L-Serine-13C ((-)-Serine-13C; (S)-Serine-13C; CAS: 89232-77-9) is a stable isotope-labeled analog of the non-essential amino acid L-serine, where the hydroxymethyl carbon (the C3 position or one specific carbon depending on the labeling variant) is enriched with carbon-13. This compound has a molecular weight of 106.09 g/mol. L-Serine plays a central role in cellular proliferation, one-carbon metabolism, and the biosynthesis of phospholipids, nucleotides, and neurotransmitters. The 13C-labeled version is used as an internal standard and tracer for LC-MS, GC-MS, and NMR studies.
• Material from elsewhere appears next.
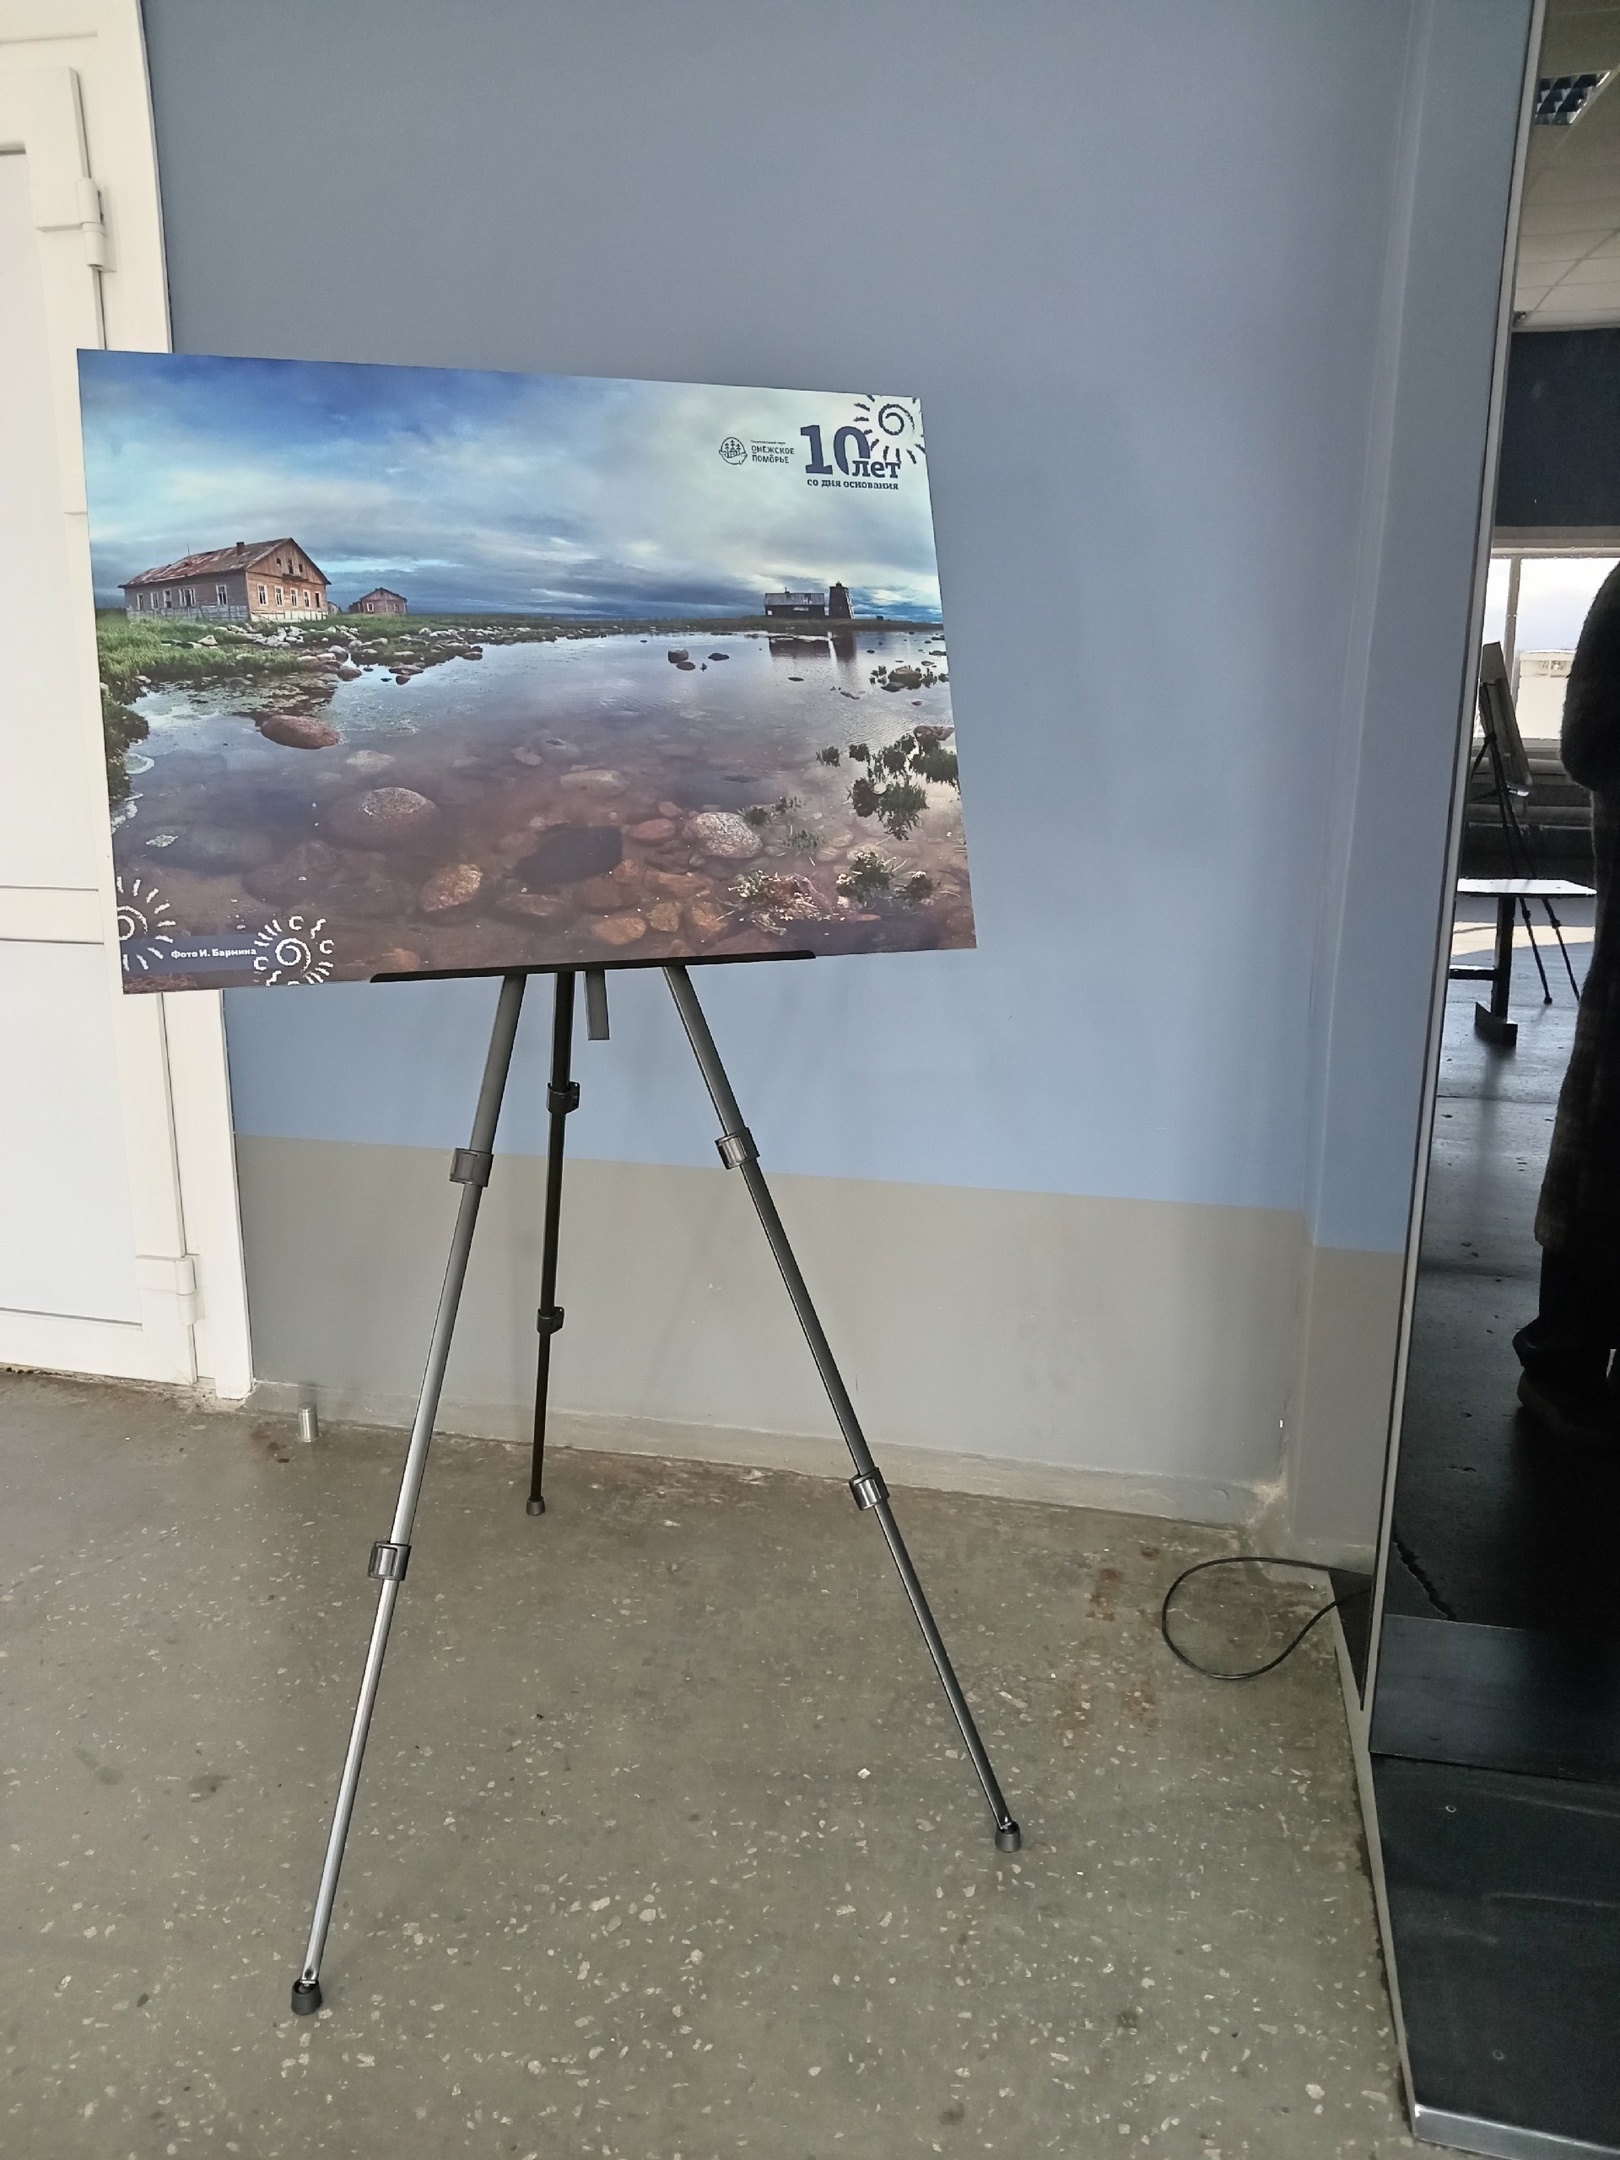 В аэропорту «Васьково» открылась фотовыставка, посвящённая 10-летию «Онежского Поморья» - фото 4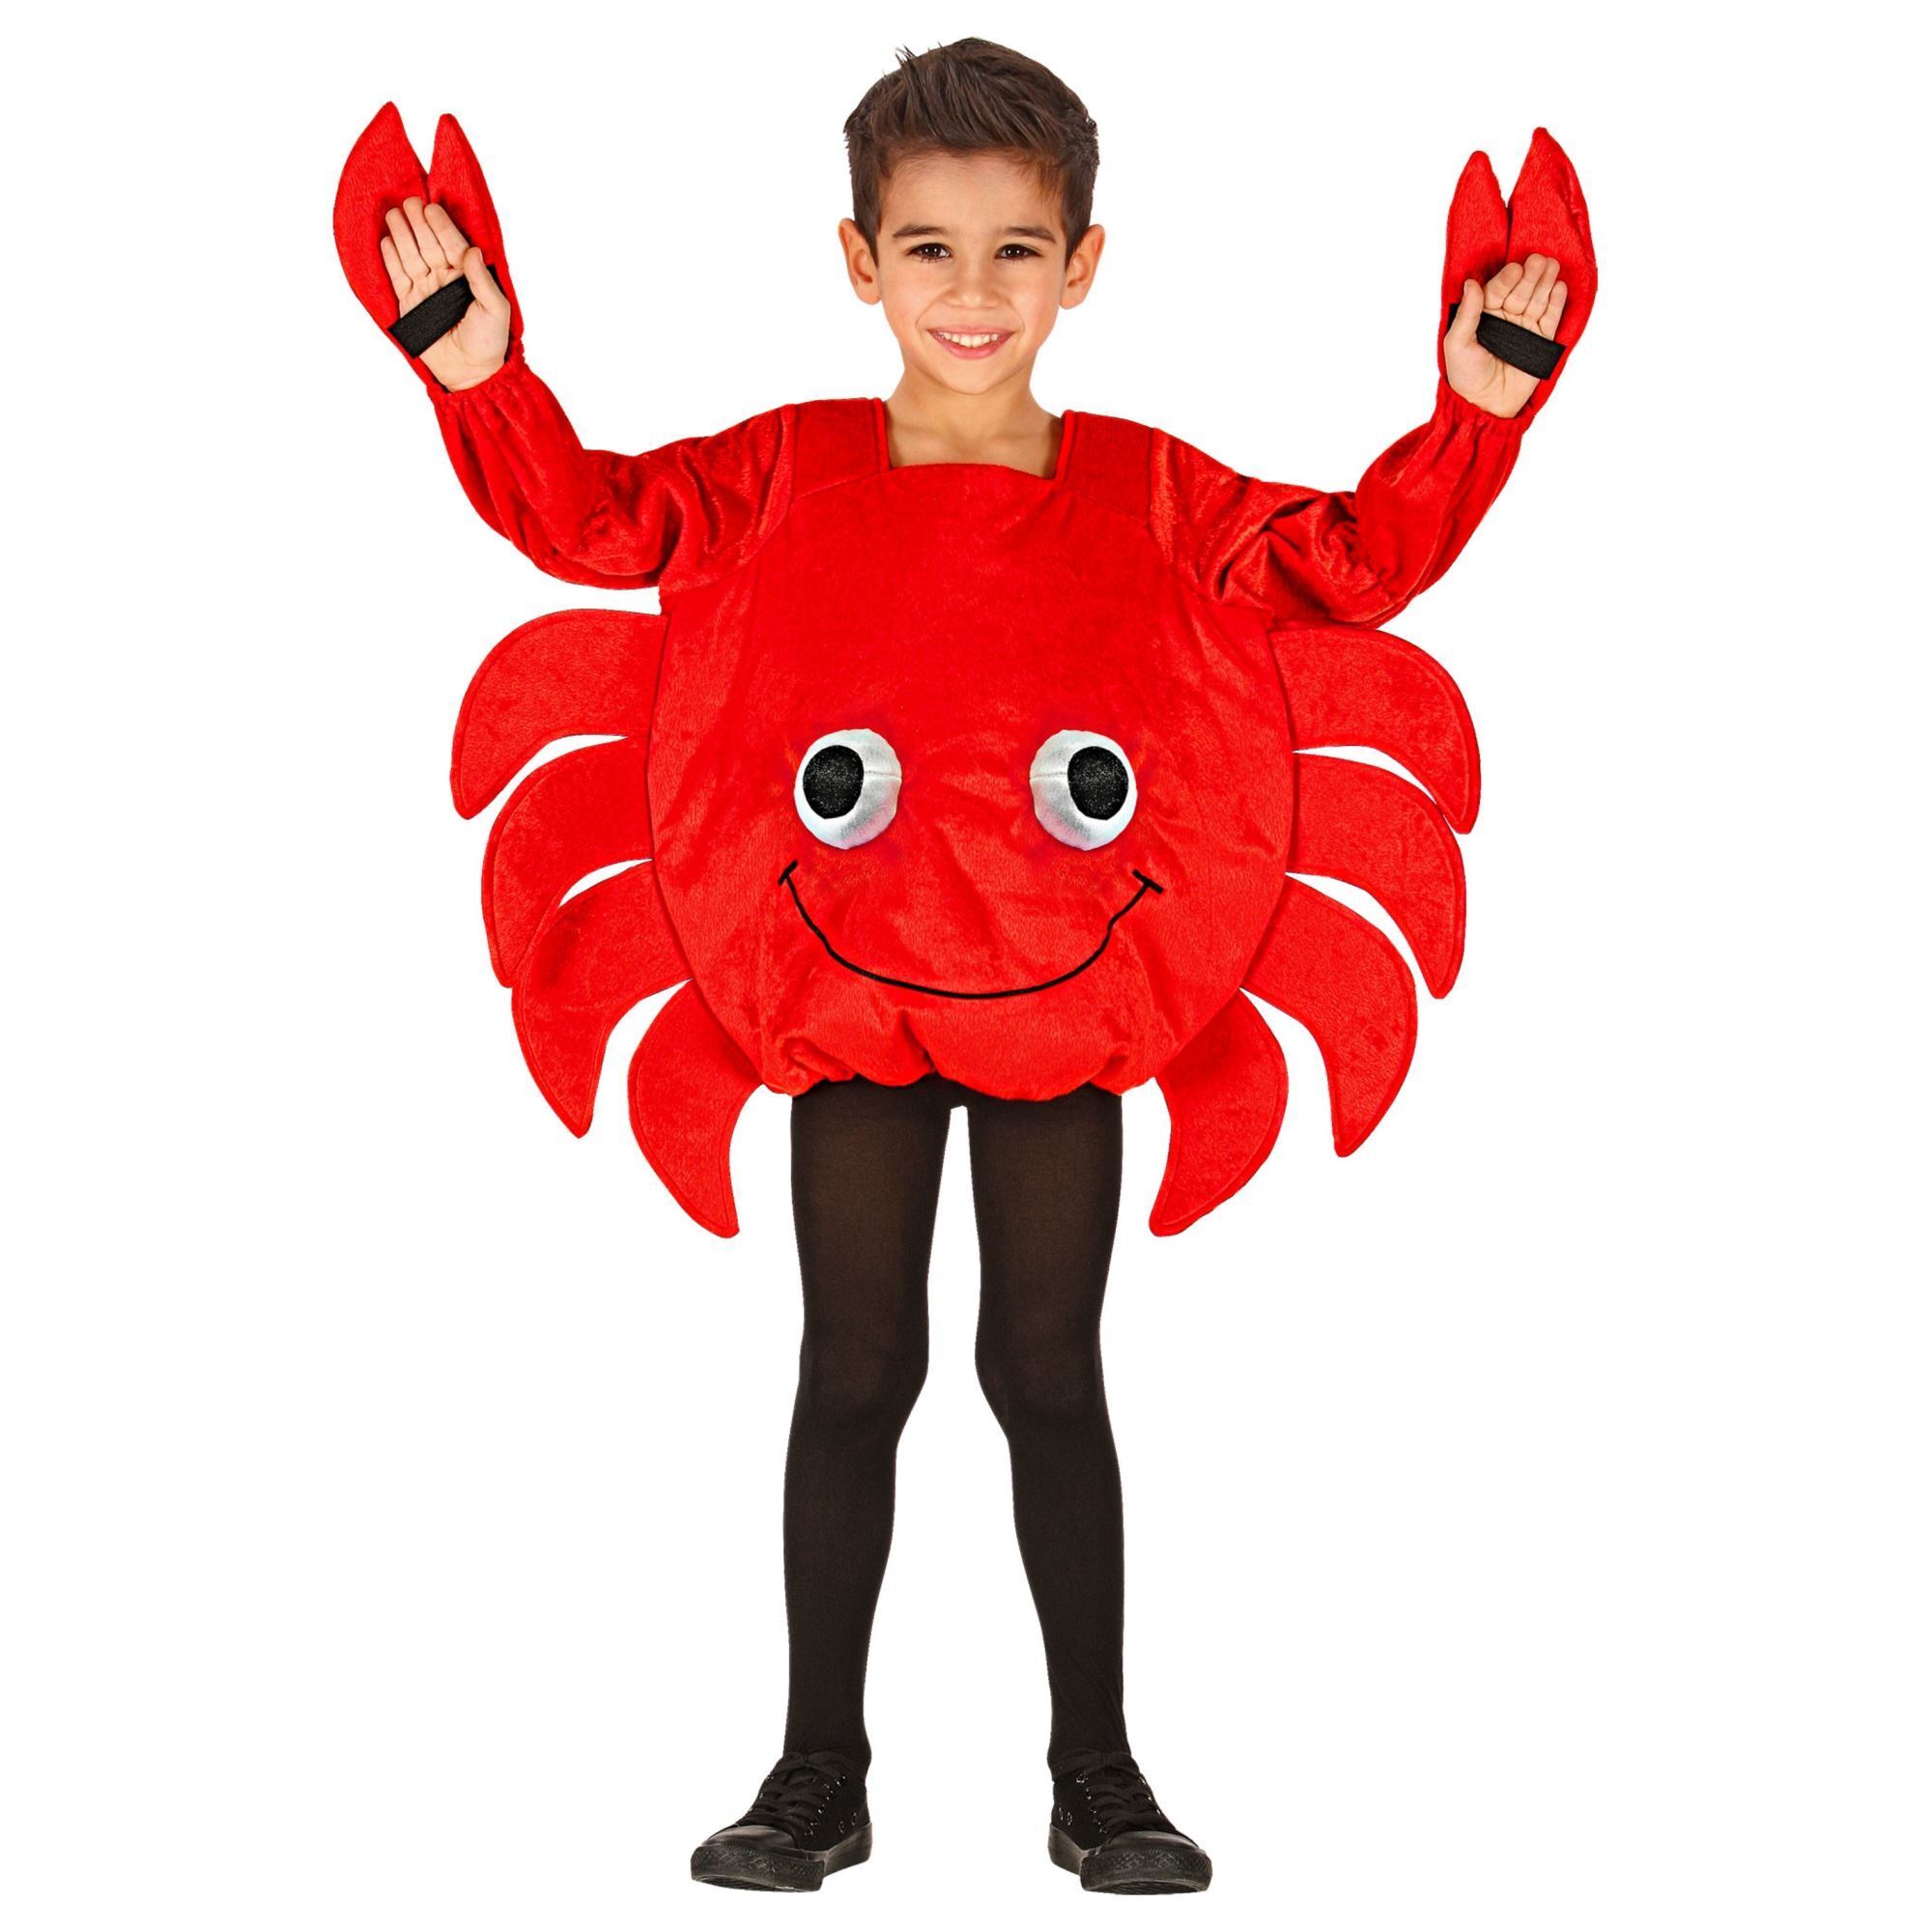 Krabben kostuum de rode krab kinderen

Biological Activity I Assay Protocols (From Reference)
Targets
L-Serine-13C has no independent pharmacological target as a stable isotope tracer. The unlabeled L-serine is a non-essential amino acid that plays a central role in cellular proliferation and growth. It is produced from 3-phosphoglycerate in a multistep biosynthesis catalyzed by phosphoglycerate dehydrogenase (PGDH), phosphoserine aminotransferase (PSAT), and phosphoserine phosphatase (PSP). L-Serine is the precursor for glycine, cysteine, and phospholipids. Defective L-serine biosynthesis is associated with neural tube defects and deoxysphingolipid accumulation in Neu-Laxova syndrome (PGDH mutation). Dysregulation of L-serine phosphorylation is associated with Alzheimer's disease and ALS.
ln Vitro
Drug compounds have included stable heavy isotopes of carbon, hydrogen, and other elements, mostly as quantitative tracers while the drugs were being developed. Because deuteration may have an effect on a drug's pharmacokinetics and metabolic properties, it is a cause for concern [1].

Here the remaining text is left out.